**Work task**
Starting with the line that contains "Dieser Teller ist" and ending with the final line of the data below, print those lines exactly and nothing else.

**Information supplied**
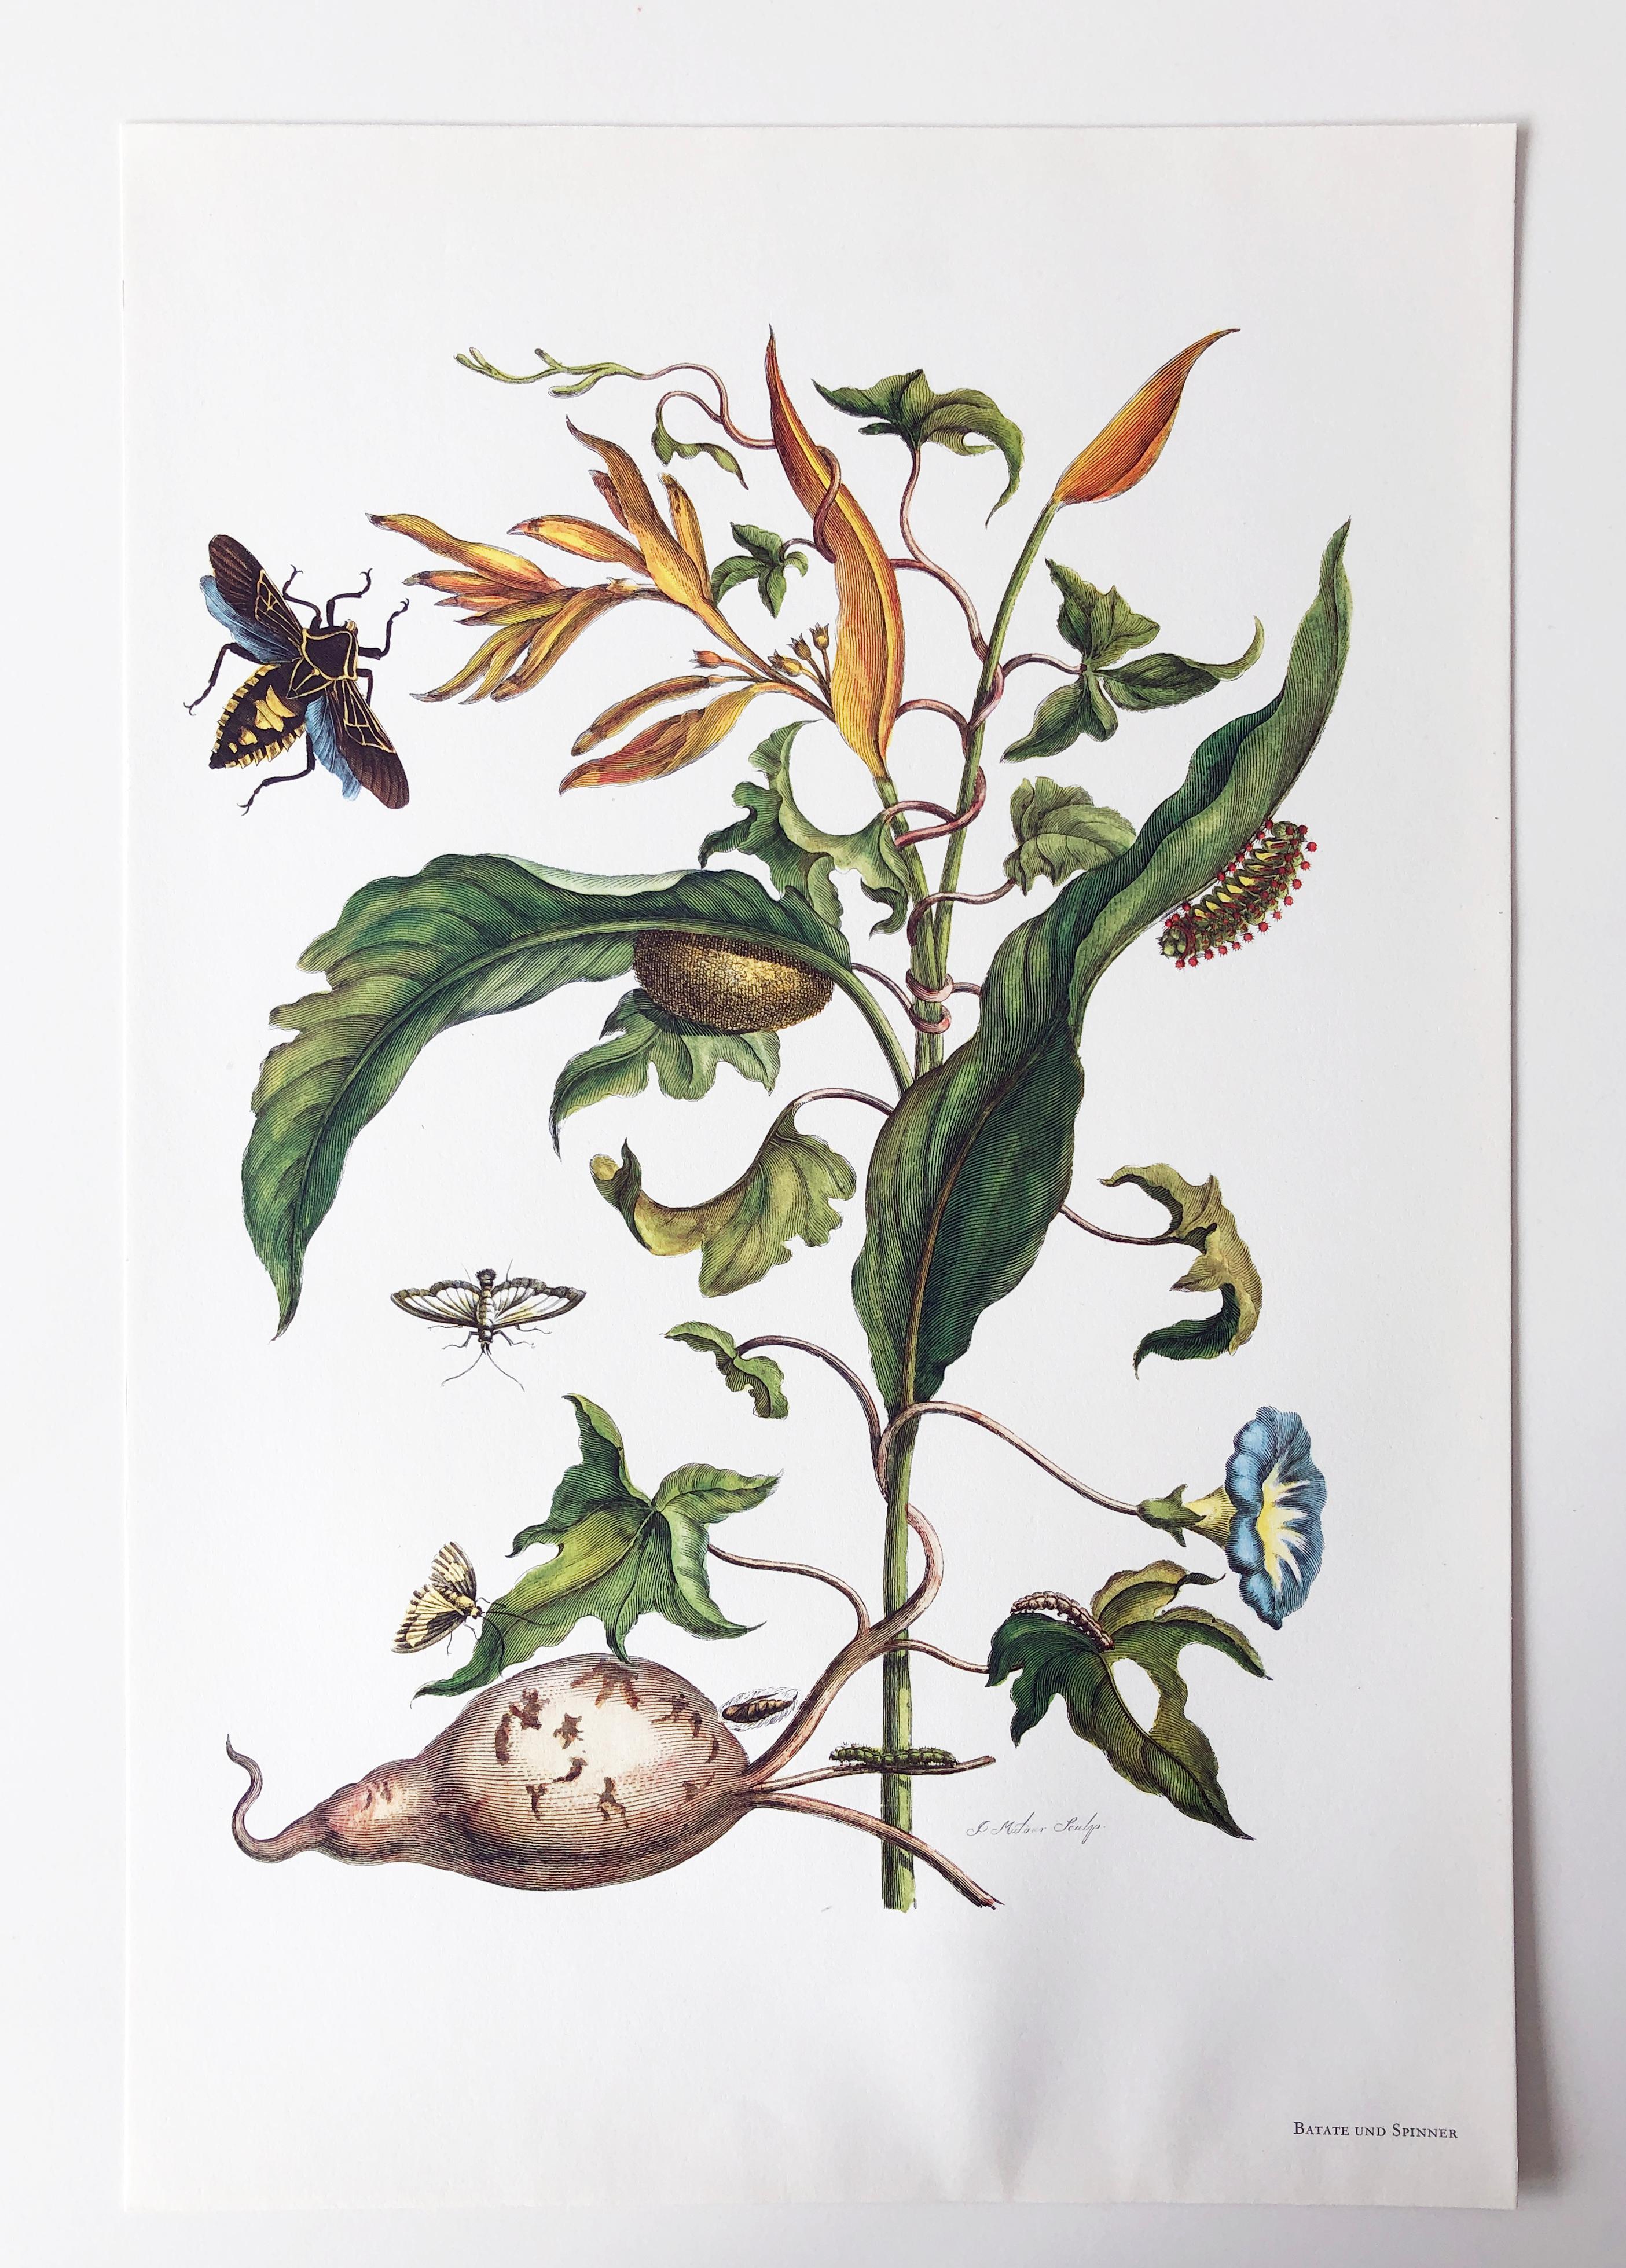 Aus Metamorphosis Insectorum Surinamensium, erstmals veröffentlicht 1705
Kupferstiche von J. Mulder, P. Sluyter (Sluiter) und D. Stoopendaal nach Maria Sybilla Merian.

Dieser Teller ist Teil einer umfassenden Sammlung von 17 Tellern. 
Ich habe eine

**Written reply**
Dieser Teller ist Teil einer umfassenden Sammlung von 17 Tellern. 
Ich habe eine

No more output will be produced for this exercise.